(Records shown begins)

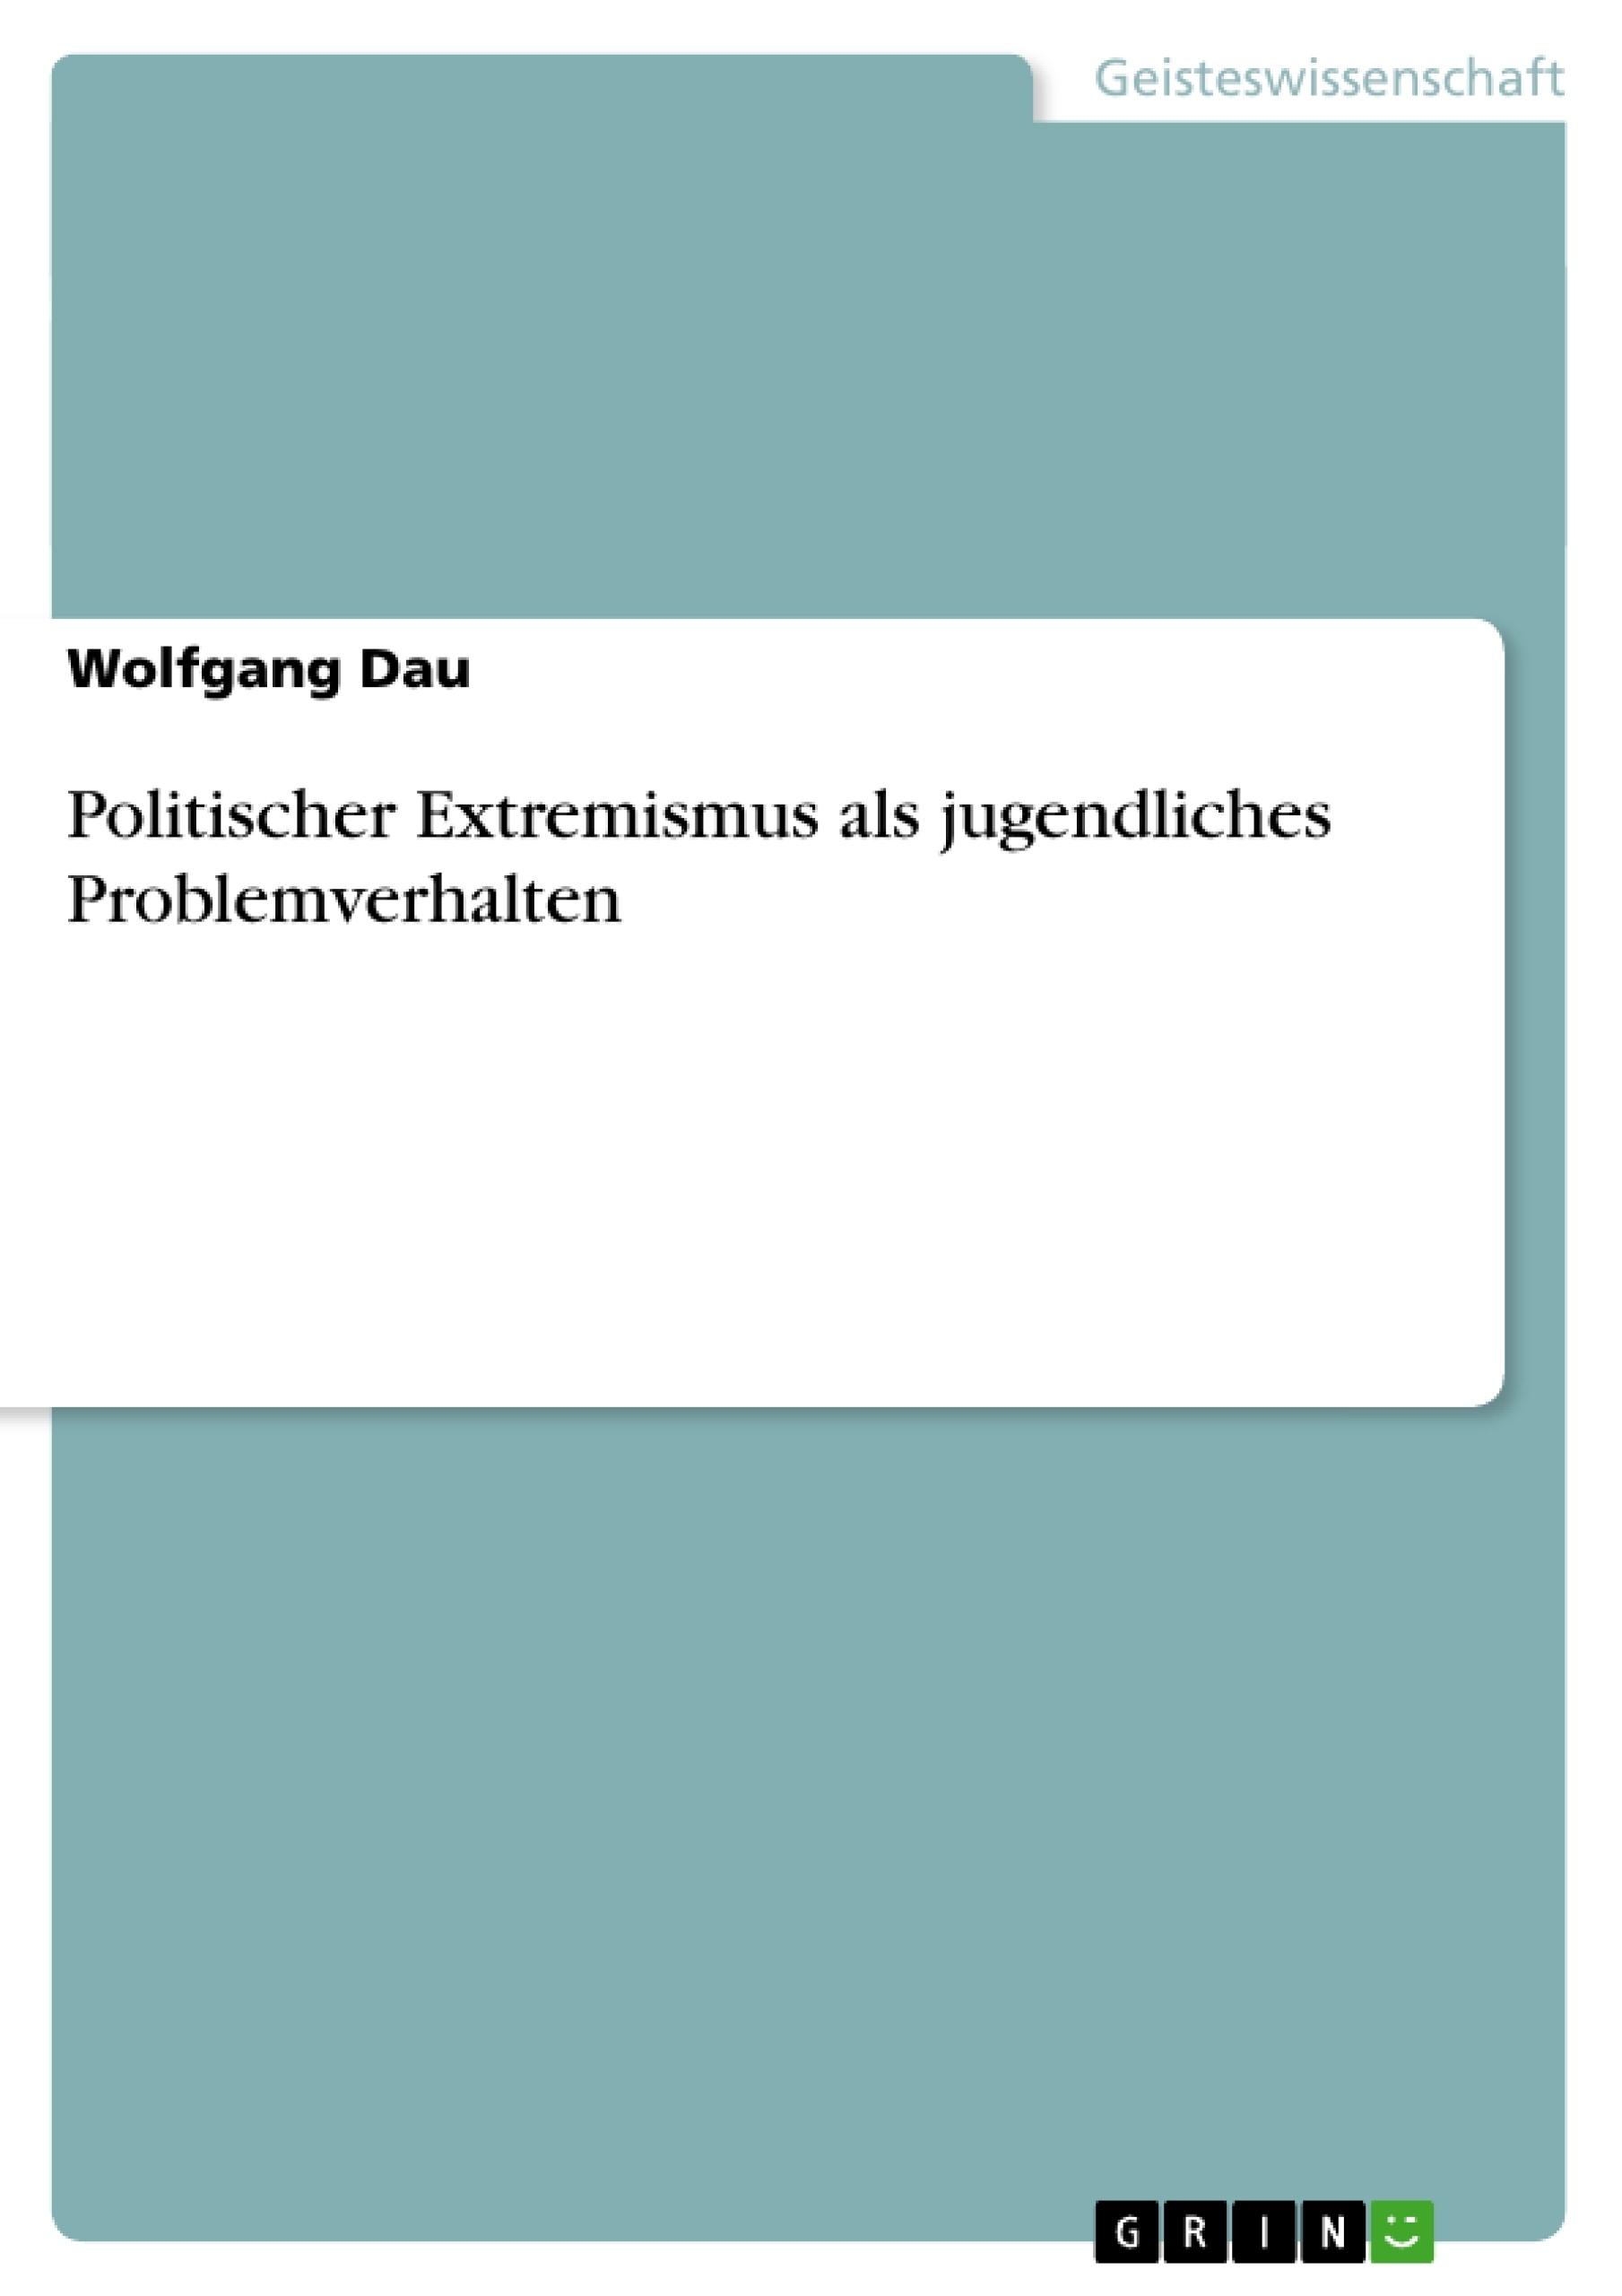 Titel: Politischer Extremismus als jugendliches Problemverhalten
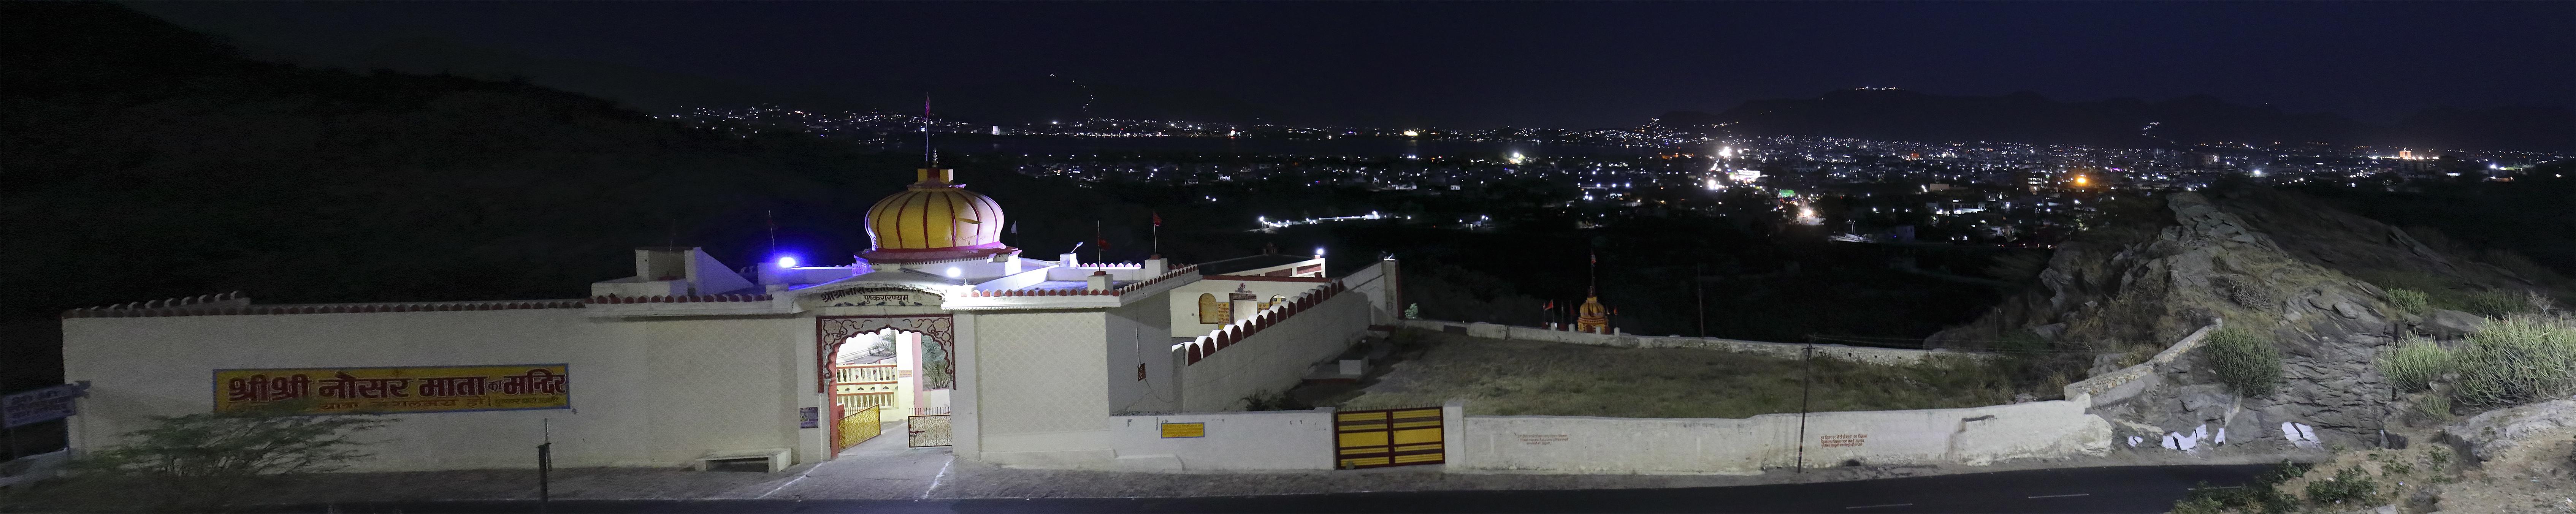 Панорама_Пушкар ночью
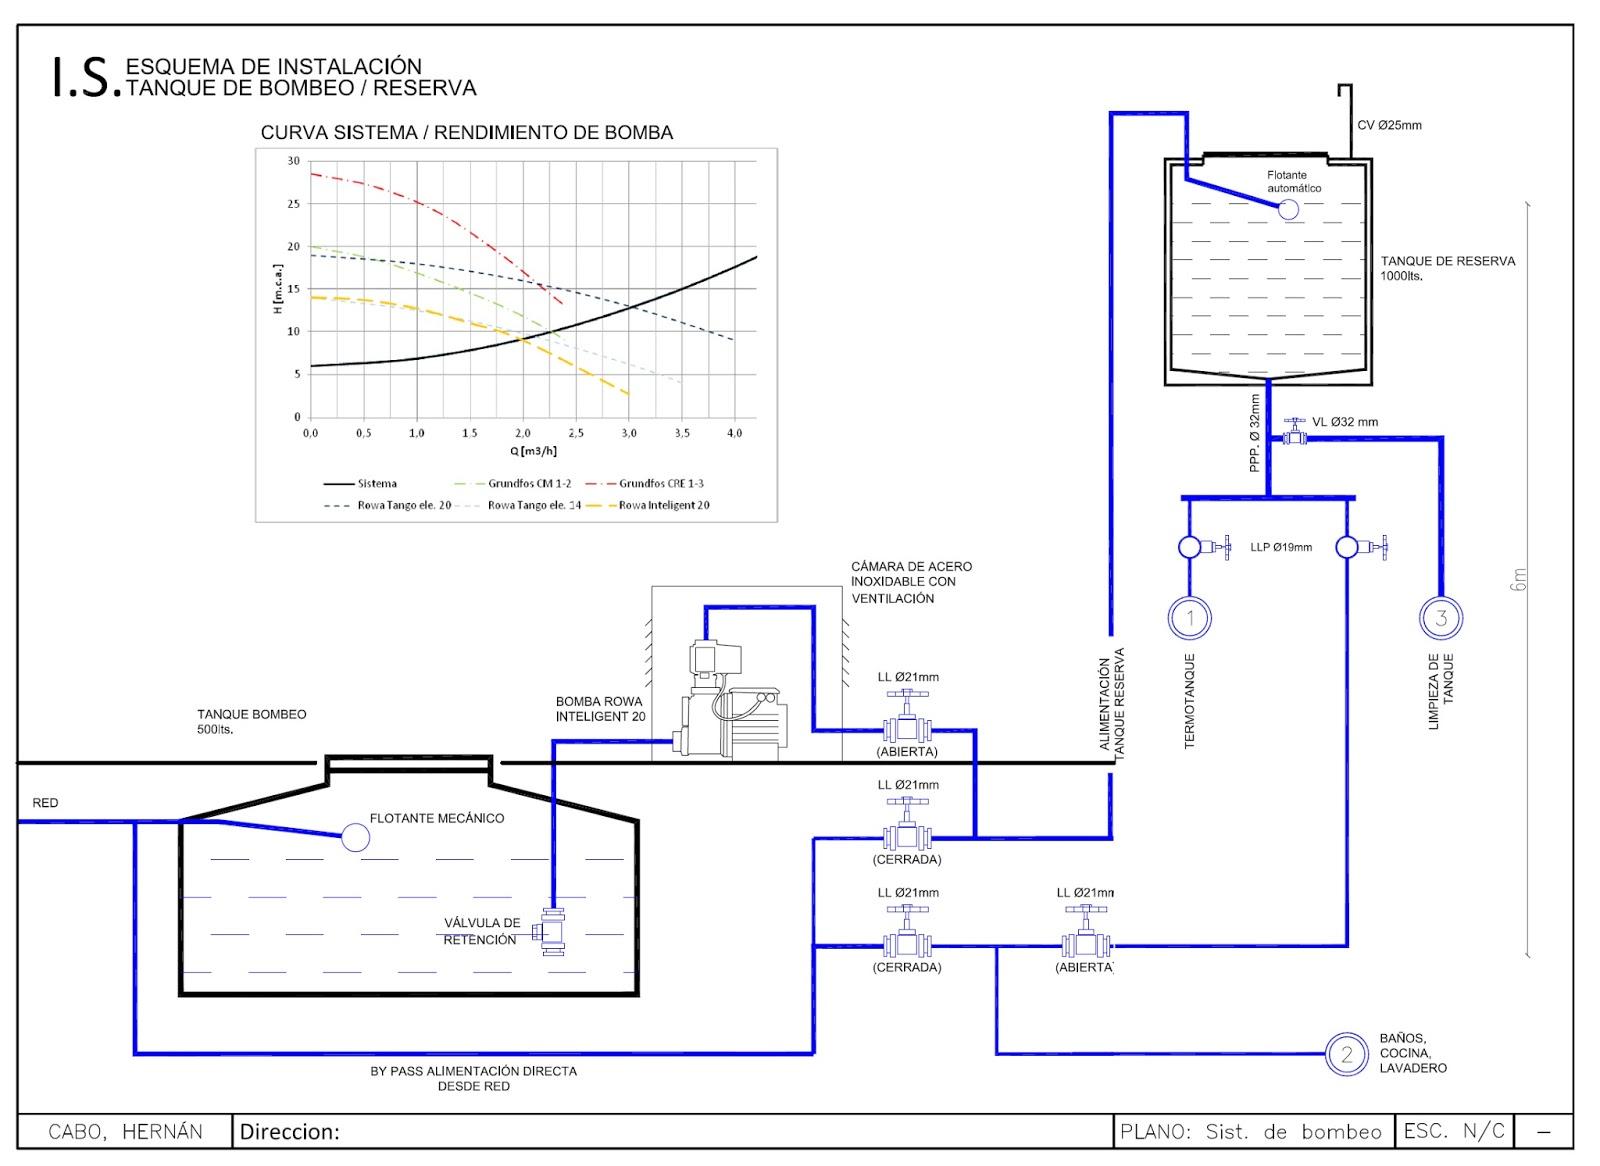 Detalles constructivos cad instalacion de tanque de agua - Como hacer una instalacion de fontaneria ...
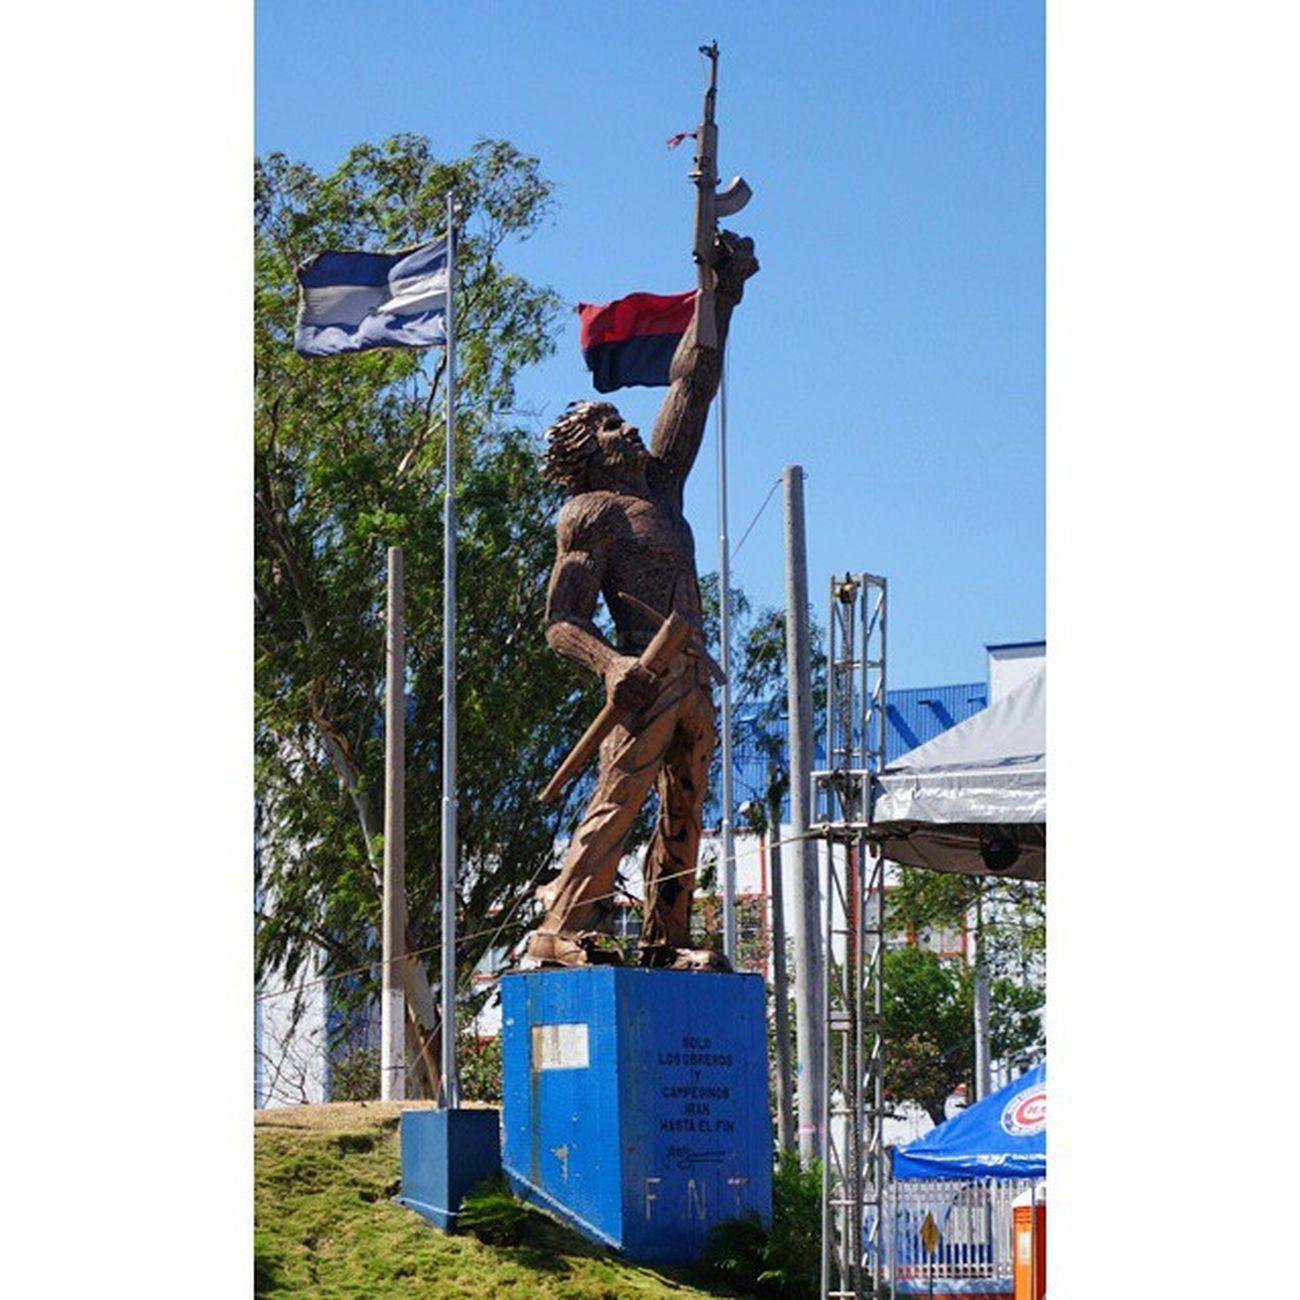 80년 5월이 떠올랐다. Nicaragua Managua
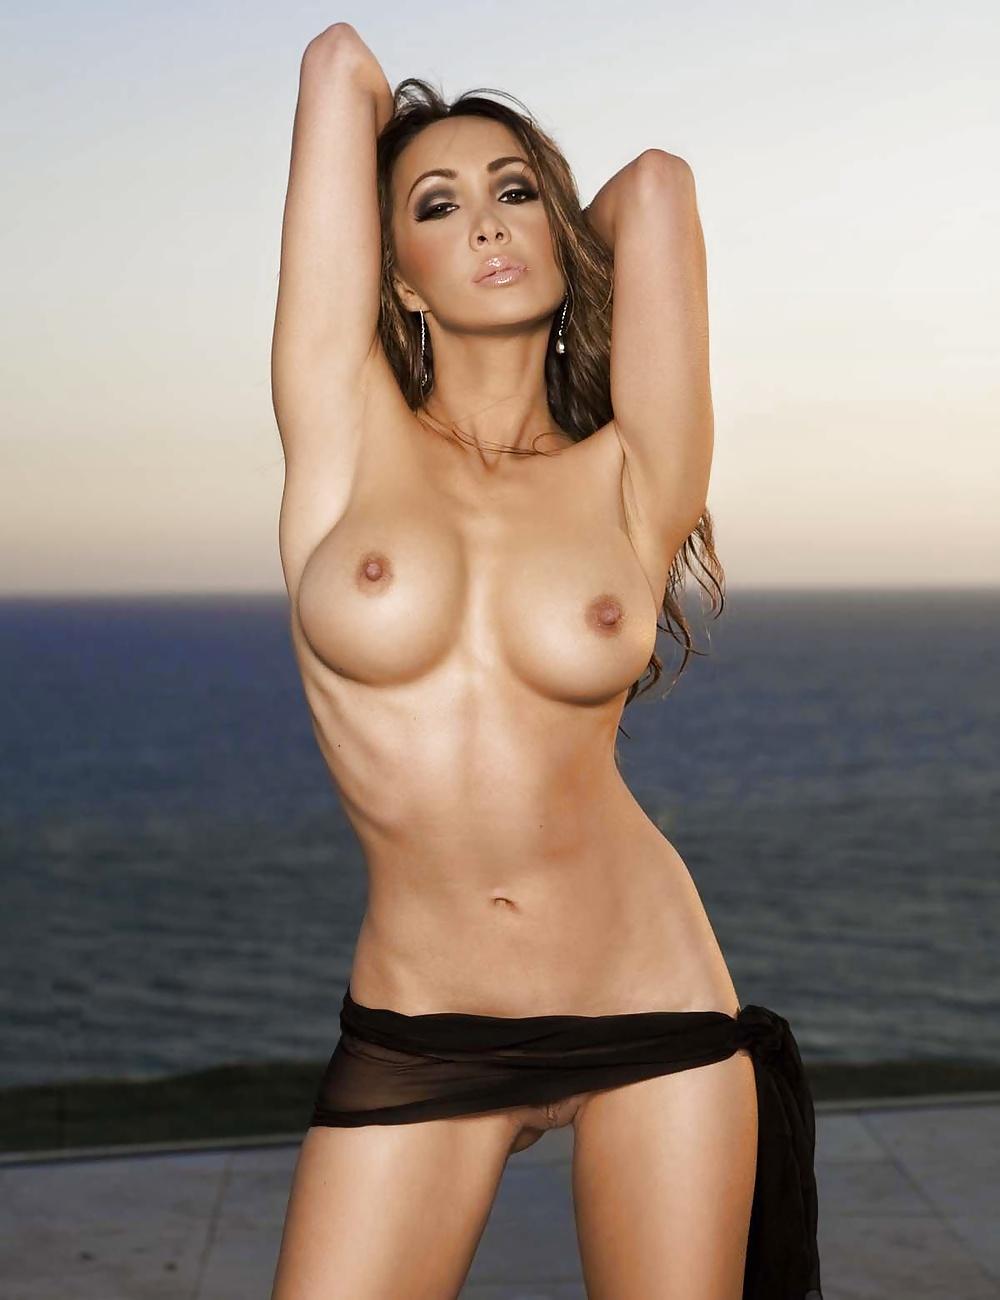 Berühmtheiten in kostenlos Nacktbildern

(Records shown ends)

▶ [Task statement]:
Print only the lines running from the one containing "80년 5월이 떠올랐다. Nicaragua Managua" to the end of the data above, exactly; include no pictures.

▶ [Response area]:
 80년 5월이 떠올랐다. Nicaragua Managua
 Berühmtheiten in kostenlos Nacktbildern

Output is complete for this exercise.